Но вот последнее время что-то случилось с Анной; она стала какая-то странная, и что день – то хуже; даже лицо ее изменилось.
Потом она стала пропадать из дачи бог весть куда на целые часы и, возвращаясь, говорила, что она гуляла в парке.
И теперь все в парк, все в парк начала ходить… Точно у нее там сокровище какое-то зарыто.
Стала, наконец, уходить и по вечерам, а вечера теперь уже темные; даже страшно за нее.
Этакая она смелая!
Спросила как-то на днях Татьяна Николаевна у Смельского, не с ним ли Аня по вечерам гуляет, тот и глаза опустил.
Краева даже испугалась, что сказала это.
– Я, – говорит он, – сам ищу вот уже два дня Анну Николаевну, хочу переговорить с нею о важном деле и не вижу ее.
Краева задумалась.
Что бы это могло быть?
Но когда сегодня, сейчас, Смельский, бледный и встревоженный, приехал и сообщил, что Анна уехала с Шиловым, Татьяне Николаевне сделалось дурно, так дурно, что она опять слегла в постель.
Смельский ушел к себе на дачу и предался самым мрачным размышлениям. Он сел у открытого окна и задумался, глядя в поле, где виднелся выступающий угол сламотовского парка.
«Вот этот проклятый парк, – думал он, – вот это чертово гнездо измены и воровства…» Потом мысли его перенеслись на Анну…
Он был зол, ему хотелось бранить весь свет; бранить Анну он не имел силы: он и теперь еще слишком любил ее, чтобы сделать это. Взамен ее лично он стал думать о женщинах или о женщине вообще; не похвальны оказались его выводы об этой половине рода человеческого. Но в них была правда, масса правды и разве только какой-нибудь один процент преувеличения, происходящего от горя и обиды. Ему пришло на ум, что женщина очень странное существо, потому что все качества, составляющие ее нравственную фигуру, можно назвать огульно отрицательными, так что в женщине, собственно, нет ни хорошего, ни дурного, а есть только тени того и другого чувства, тени, легко меняющие свои места и сливающиеся одна с другой. Не спалось в эту ночь Смельскому, не работалось и над проектом защитительной речи, как он ни уговаривал себя, что постыдно, мол, с его стороны опустить настолько руки в этой беде, чтобы забыть даже обязанность честного человека.
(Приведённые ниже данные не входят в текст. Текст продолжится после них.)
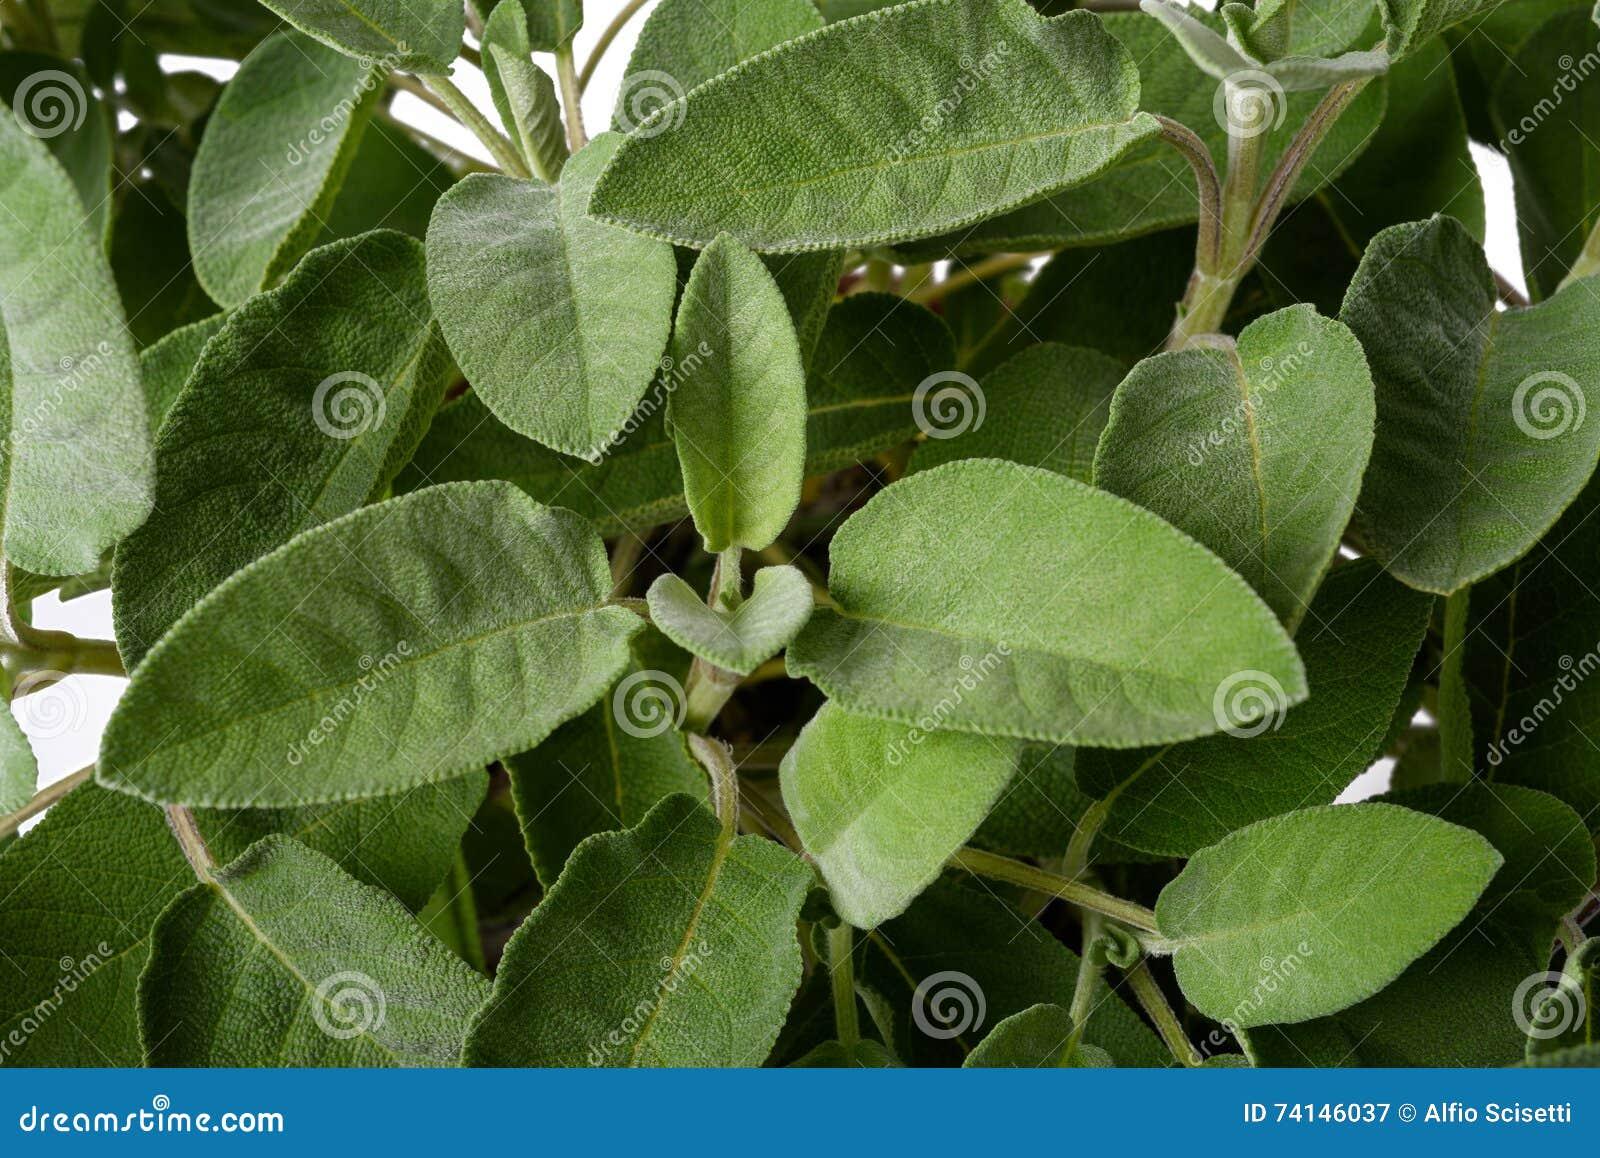 Sage plants background

Ведь он не бросит же защиту Краева только потому, что Анна изменила ему? Конечно, он сделал бы это с охотой, но он не должен, он не смеет, он – присяжный защитник обвиняемых, кто бы они ни были и что бы ни было связано с ними. Это – назначение и цель его жизни.
На следующий день, после нескольких часов тревожного лихорадочного сна, под утро, он пришел к такому решению: при первом удобном случае вызвать Шилова на дуэль, но не ранее как после разбирательства дела; впрочем, если бы Шилов вздумал не принять это последнее условие, он готов был передать защиту другому лицу. Теперь он собирался ехать к Сламоте и просить быть его секундантом, а также решил заехать и к Краевой, объявив ей, что по непредвиденным обстоятельствам, быть может, придется ему передать защиту одному из своих коллег, человеку, также способному и знающему еще лучше его ведение подобных дел.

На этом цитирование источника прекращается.